Now we will look at the Game loop
43if ( t.Angle >= 0.0 && t.Angle <= 180.0 )
44{
45 for ( i = 0; ; ++i ) // Game loop
46 {
47 if ( i > 1 )
48 goto LABEL_4;
49
50 /* ... */
51
52 if ( i || tanks[0].hp <= 0 )
53 {
54 if ( i != 1 || tanks[1].hp <= 0 )
55 continue;
56 expl = FireTankGunAndCheatHard(map, &bullet_event, &dword_0 + 1, v7, v8, v9);
57 }
58 else
59 {
60 *&expl.exploded = FireTankGun(map, &bullet_event, &t, v7, v8);
61 *&expl.y = v10;
62 }
63 if ( SendBullet(c, &bullet_event) != 1 )
64 goto LABEL_4;
65
66 /* Explosion related code redacted */
67 }
68}
In the above loop it is doing the calculation related to Firing of bullet. Here IDA’s decompiled code made it a bit hard to realise whats happening. The highlighted for-loop on line 45-47 iterates from 0-1 and that is because it is iterating over the two tanks for shooting, if i is 1 then FireTankGunAndCheatHard function is called because Red Tank is the enemy tank but if i is 0, then FireTankGun function is called.

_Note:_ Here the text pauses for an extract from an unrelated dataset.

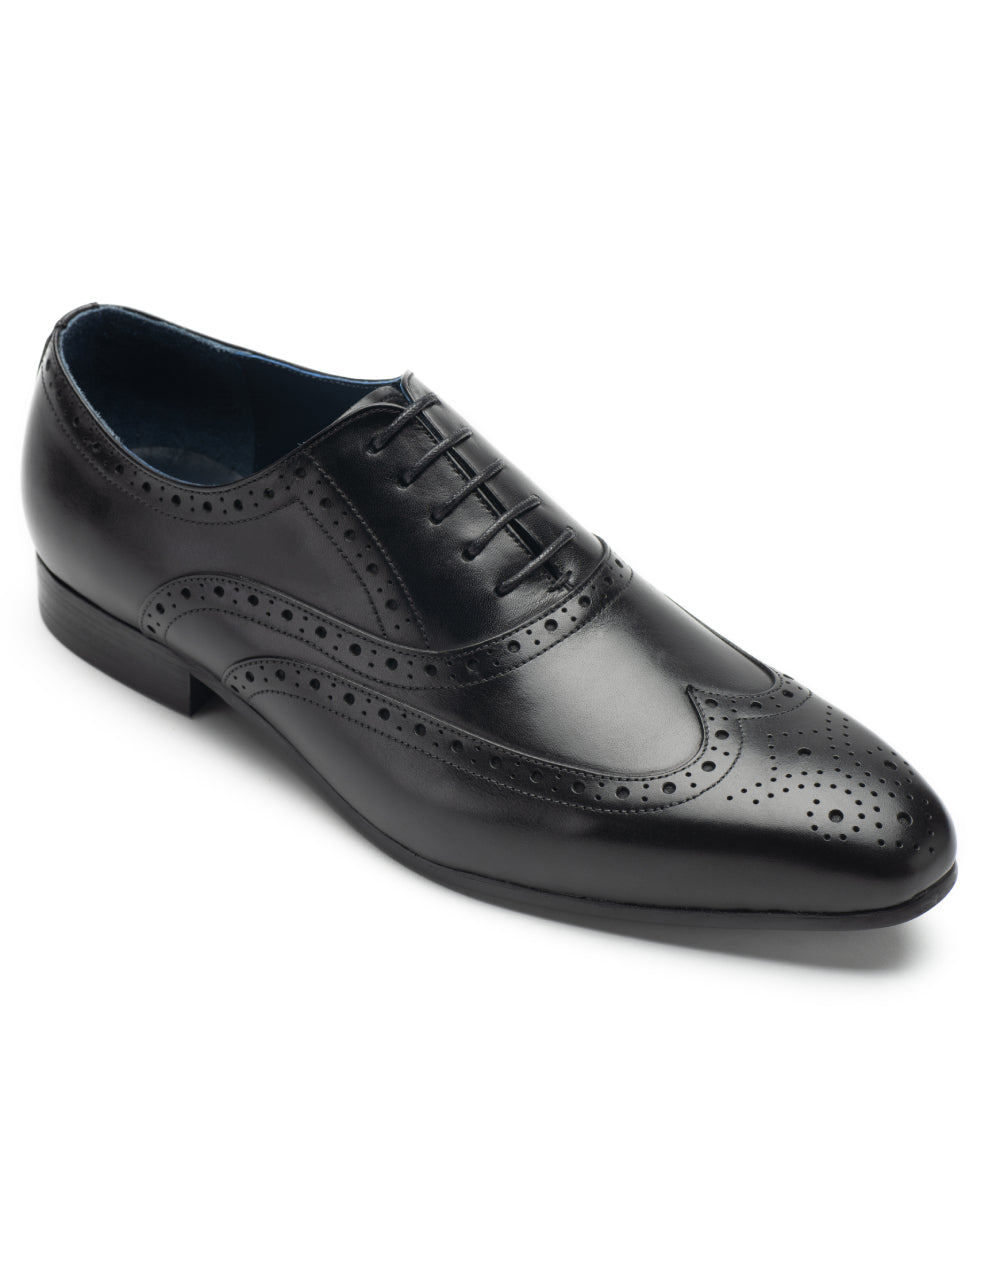 Black Lace-up Wingtip Oxford

Let’s see both of these functions, I am using the challenge source code here
1. FireTankGun
1Explosion __fastcall FireTankGun(
2 char *map,
3 Bullet *bullet,
4 TargettingData *Target,
5 int x, int y
6)
7{
8
9 /* ... */
10
11 vx = 0.01 * Target->Power * cos(3.14159 * Target->Angle / 180.0);
12 vy = 0.01 * Target->Power * -sin(3.14159 * Target->Angle / 180.0);
13 bullet_event_clear(bullet);
14 x_1 = v6;
15 y_1 = v7 - 5.0;
16 explode = 0;
17 last_ix = min();
18 last_iy = min();
19 for ( i = 0; i <= 9999; ++i )
20 {
21 x_1 = x_1 + vx;
22 y_1 = y_1 + vy;
23 vy = vy + 0.0009807000000000001;
24 ix = x_1;
25 iy = y_1;
26 /* ... */
27 }
28 if ( explode )
29 {
30 a2.x = ix;
31 a2.y = iy;
32 a2.weapon = Target->Weapon;
33 bullet_event_emplace_back(bullet, &a2);
34 ApplyExplosionToMap(map, ix, iy, Target->Weapon);
35 }
36 LOBYTE(v5) = explode;
37 return v5 | (ix << 32);
38}
This function is responsible for projectile shooting of Green Tank. The trajectory of bullet is effected by Gravity (line 23), Angle and Power (line 11-12). After calculating the correct coordinate of the Explosion, the explosion effect is applied to the MAP (line 34).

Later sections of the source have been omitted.